El interior del box era algo caótico, con varios escritorios repletos de papeles, portalápices y las fotos de los hijos sonrientes de los trabajadores. Beatrice se acercó a un archivador y revisó el primer cajón. Ante sí se mostró una hilera de carpetas que resultó ser igual de inútil que la cerradura del box. Como temía, solo eran muestras de burocracia médica que no le servía de nada.

Sin embargo, ya lo tenía previsto.

Se colocó tras un escritorio bajo la ventanilla y lo encendió mientras sacaba algo de su mochila. Colocó su portátil sobre la mesa y comenzó a desenrollar un cable negro. Había escogió ese sitio porque desde él podía ver el largo corredor. La única luz venía del ala de maternidad.

La pantalla se iluminó azul de repente. De fondo de pantalla, alguien había colocado una sonriente familia minúscula junto al calmado mar junto al que posaban. Un recuadro en la pantalla pedía que introdujera la contraseña. No hubo problema con ello, pues un posit pegado en la pantalla estaba escrita a boli la clave: PANAMÁ2006.
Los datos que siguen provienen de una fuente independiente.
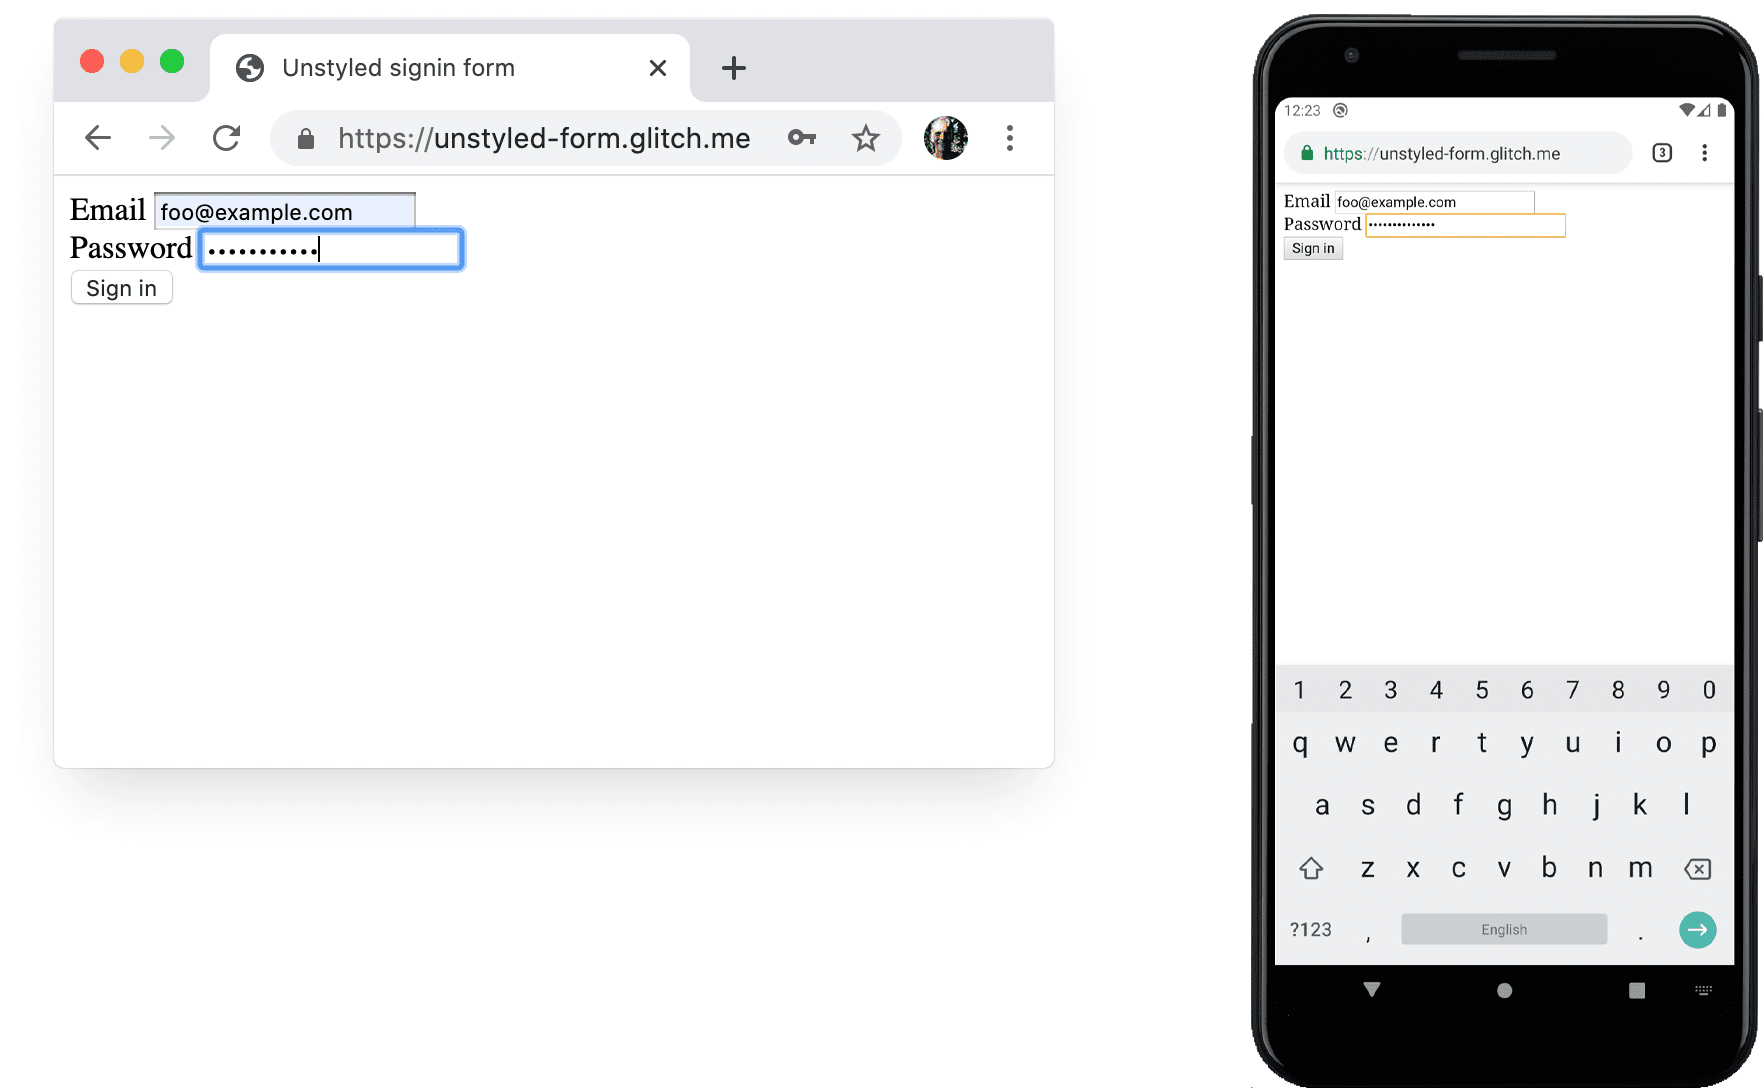 Снимок экрана нестилизованной формы в Chrome на компьютере и на Android.
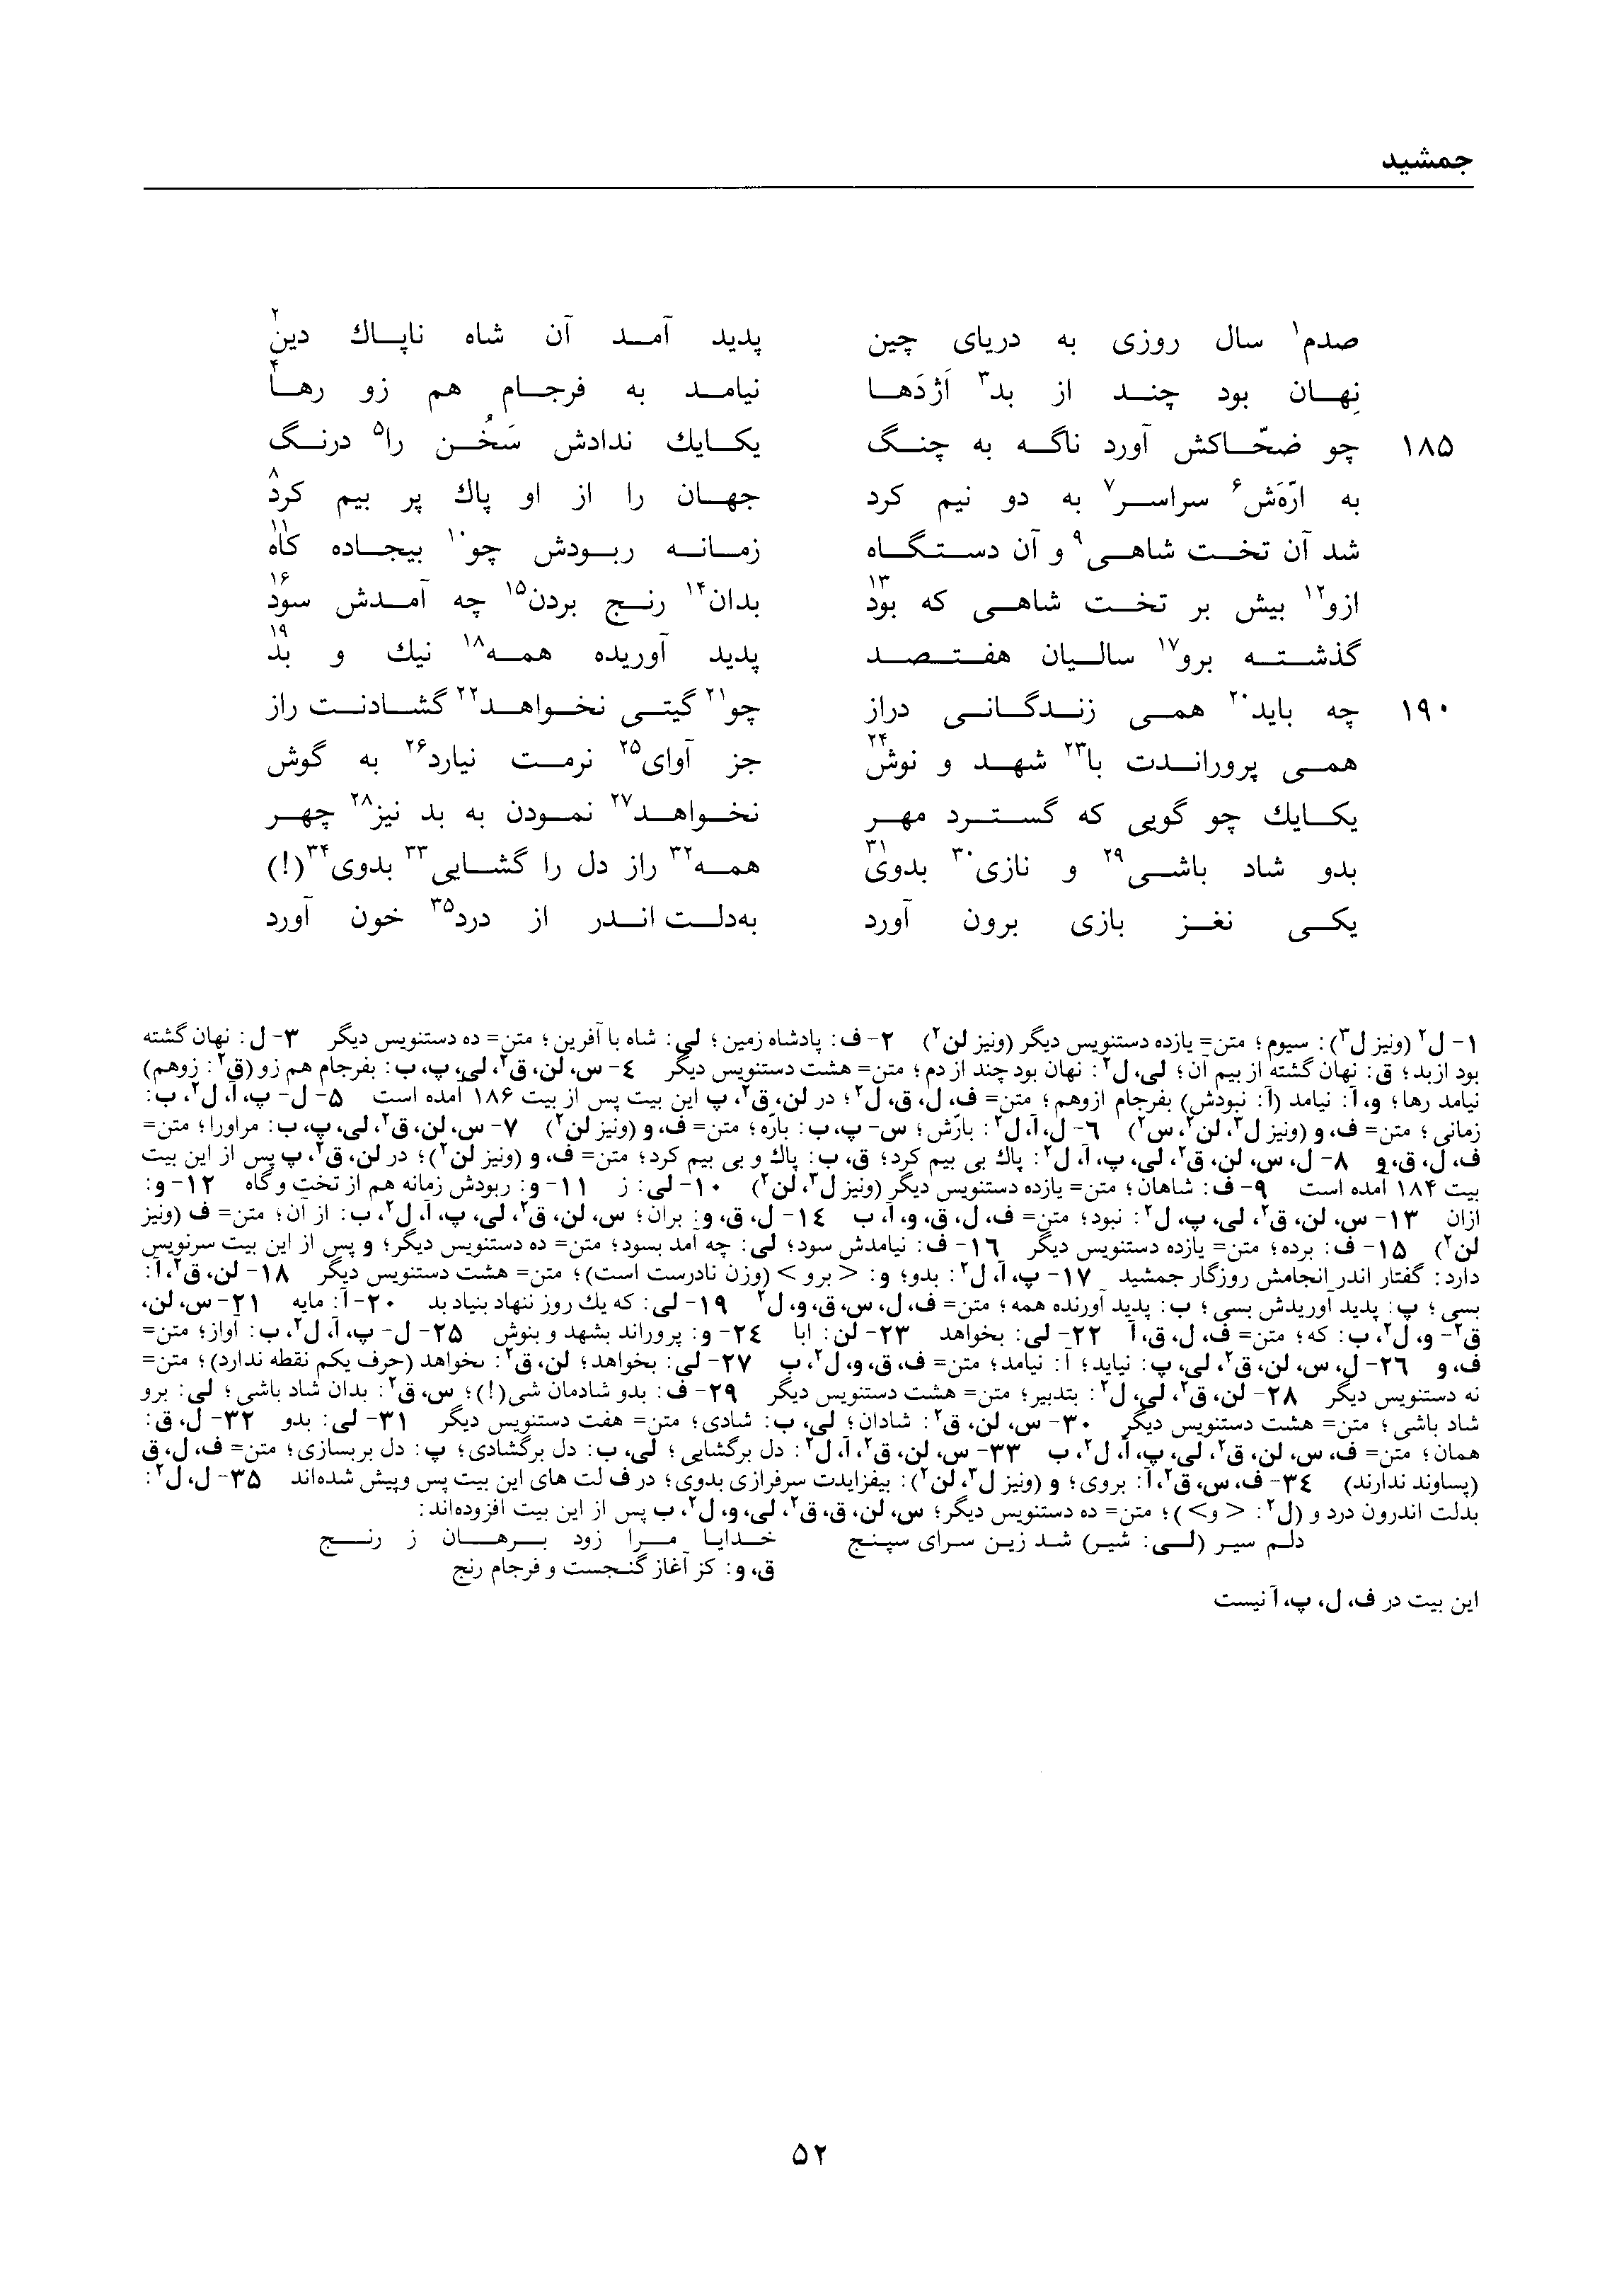 vol. 1, p. 52

Resultó ser correcta, claro.

Ya cuando el ordenador ya estaba iniciado, Beatrice lo conectó con su portátil con un cable USB. En el ordenado del hospital, buscó el logo del St'Thomas y pinchó en él y otro mensaje apareció de repente: requería otra clave para entrar a la base de datos del hospital.

La clave no era otra que el número identificativo que poseía cada empleado autorizado del hospital. Podría haber colocado el código del doctor Galván, pero su usuario había quedado registrado junto a toda su actividad en el servidor, lo que supondría un serio problema para él. Beatrice decidió no buscar ese contratiempo al doctor, y pasó a teclear en su portátil.

En un diálogo, activó un programa de fuerza bruta para descifrar la clave. Una clave alfanumérica de diez dígitos. Le llevaría unos minutos, pero no sería problema. La pantalla negra comenzó a llenarse de líneas de letras mientras el programa probaba todas las combinaciones posibles con su algoritmo.